The other problem with the accelerated opening is that the whole thing feels like a rehashing of what we already know about Klebold and Harris\' backgrounds, except with a much more pro-shooter stance. According to statements made by Ledonne on the game\'s forums and in interviews with media outlets, he intends the game to be an illustration of how awful it would have been to be one of the troubled shooters and also how futile their actions really are. He cites the final image of the two shooters dead in the school library: These images were never shown on prime time television, and they are quite shocking.

But the compressed opening and the writing (especially the somewhat misguided contextualization of the shooters with prominent thinkers like Breton) leads to a very Pump Up the Volume feeling, for those who are old enough to remember the movies that were popular back when this kind of game was popular. Eric and Dylan feel very much like Christian Slater\'s protagonist in Pump Up the Volume or Heathers. The problem is that the Columbine shooting wasn\'t a movie, and Klebold and Harris were guilty of more than running a pirate radio station. (In fact, I would put pirate radio stations high on the list of \"cool things to do when you\'re feeling young and disenfranchised.\")
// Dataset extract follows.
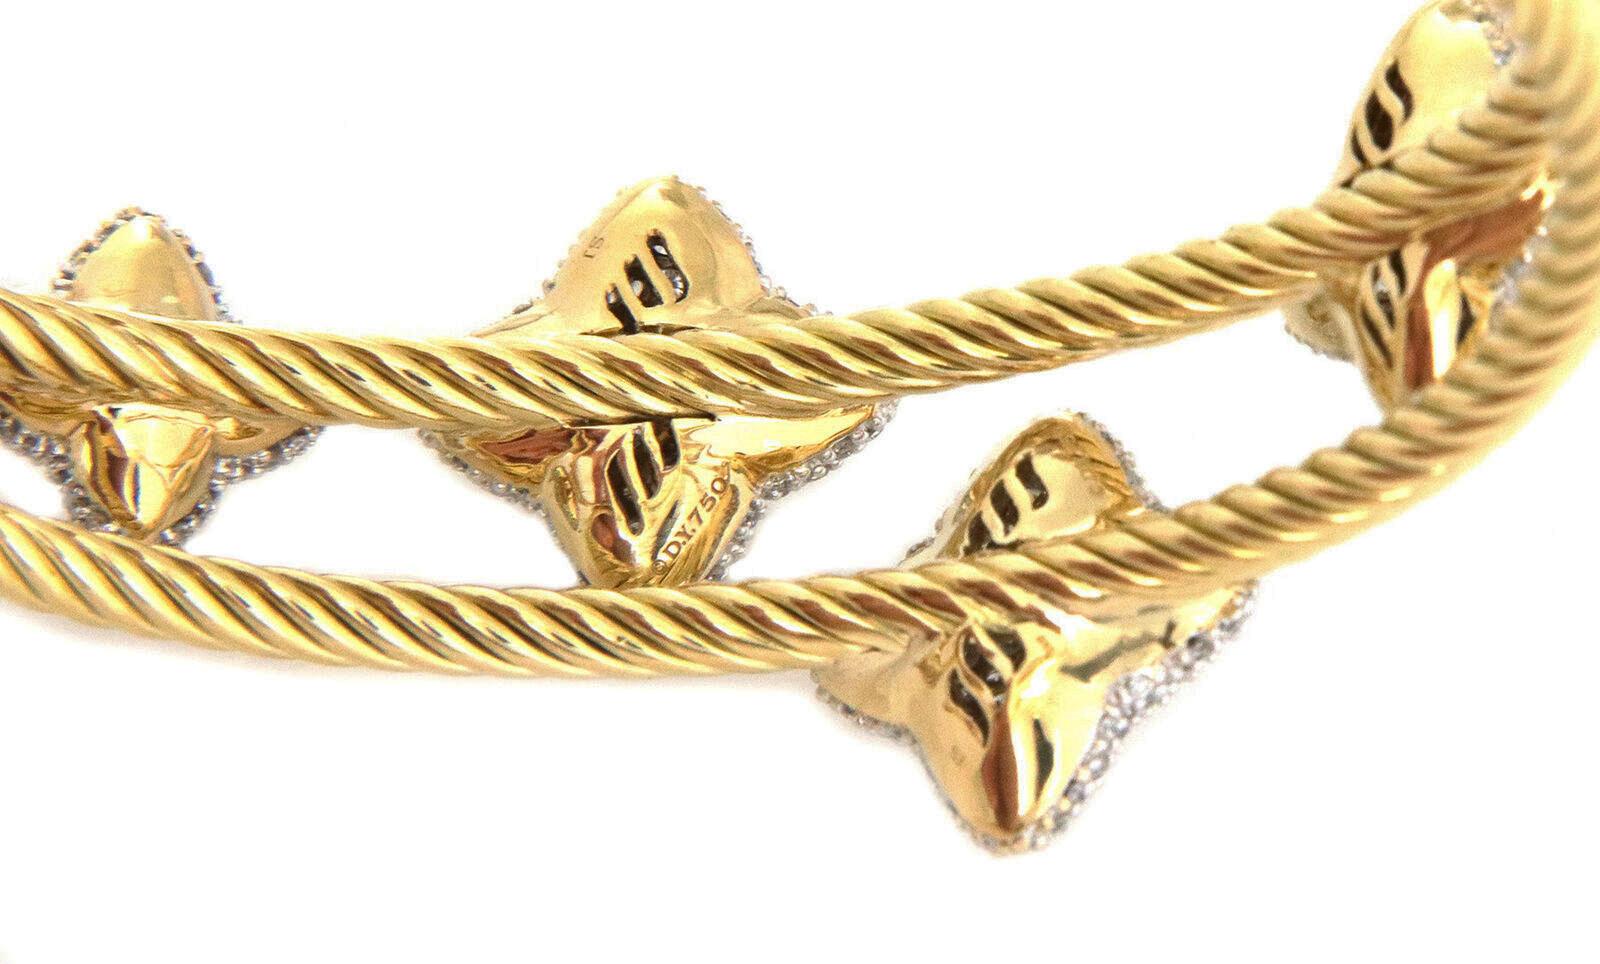 Brilliant Cut David Yurman Diamond 18k Gold Quatrefoil Motif Double Cable Band Cuff Bracelet For Sale

Once the school assault is finished, the game switches to Dylan Klebold\'s perspective and players can help guide Klebold through Hell. Hell is populated with all sorts of characters, including Imps taken from the original Doom, which was a center of controversy at the time of the events. Eventually, players can challenge Satan himself for power over the underworld, presumably hammering home the message that being bad and shooting up your high school is a bad idea (unless, that is, you want to become the eternal lord of the underworld, in which case it\'s apparently just the thing to do).

The problem with this ending is clear: It\'s a lot like 50 Cent telling kids that they shouldn\'t sell drugs and get in gunfights because look at where it got him (in the back of a limo with a bottle of champagne and a dozen scantily-clad women). A perusal of the game\'s discussion forums reveals the full spectrum of reactions, from the completely outraged to the completely aroused. It\'s clear that most gamers will get from this game what they bring to it. It is not the game that will shape or change your feelings about Columbine; rather, your pre-existing feelings will shape how you interpret the ambivalent messages inside the game.

Ledonne\'s creation is provocative and interesting. It\'s worth checking out, if only to see what the concern is. Where it succeeds is in proving that even mundane game systems are capable of supporting complex content. It is not the RPG conventions that make SCM fail (if you feel it fails, that is). In fact, SCM proves the power of the RPG genre conventions. If Dylan Klebold and Eric Harris can be represented as such suitable protagonists, then what does that mean about the many other protagonists we\'ve taken for granted over the years? Could it be that Cloud is actually a terrorist? (Set FFVIIin Iraq and rename Shinra Corp. to Haliburton and the analogy might make sense...) And isn\'t World of Warcraft overtly about racial warfare? Or am I just imagining that?

Super Columbine Massacre RPG is not a great game. But it is an important game. It is a game created by a filmmaker, not a game developer. In fact, Ledonne told the Washington Post that he would not make another game. It was created specifically with the intent of generating discussion and presenting a unique perspective on the events of the Columbine shooting. This may not be the future of gaming, but it is a step towards the future of how games will be treated and viewed in our culture--as artful, meaningful objects which represent the thoughts, ideas, dreams and nightmares of a unique creator.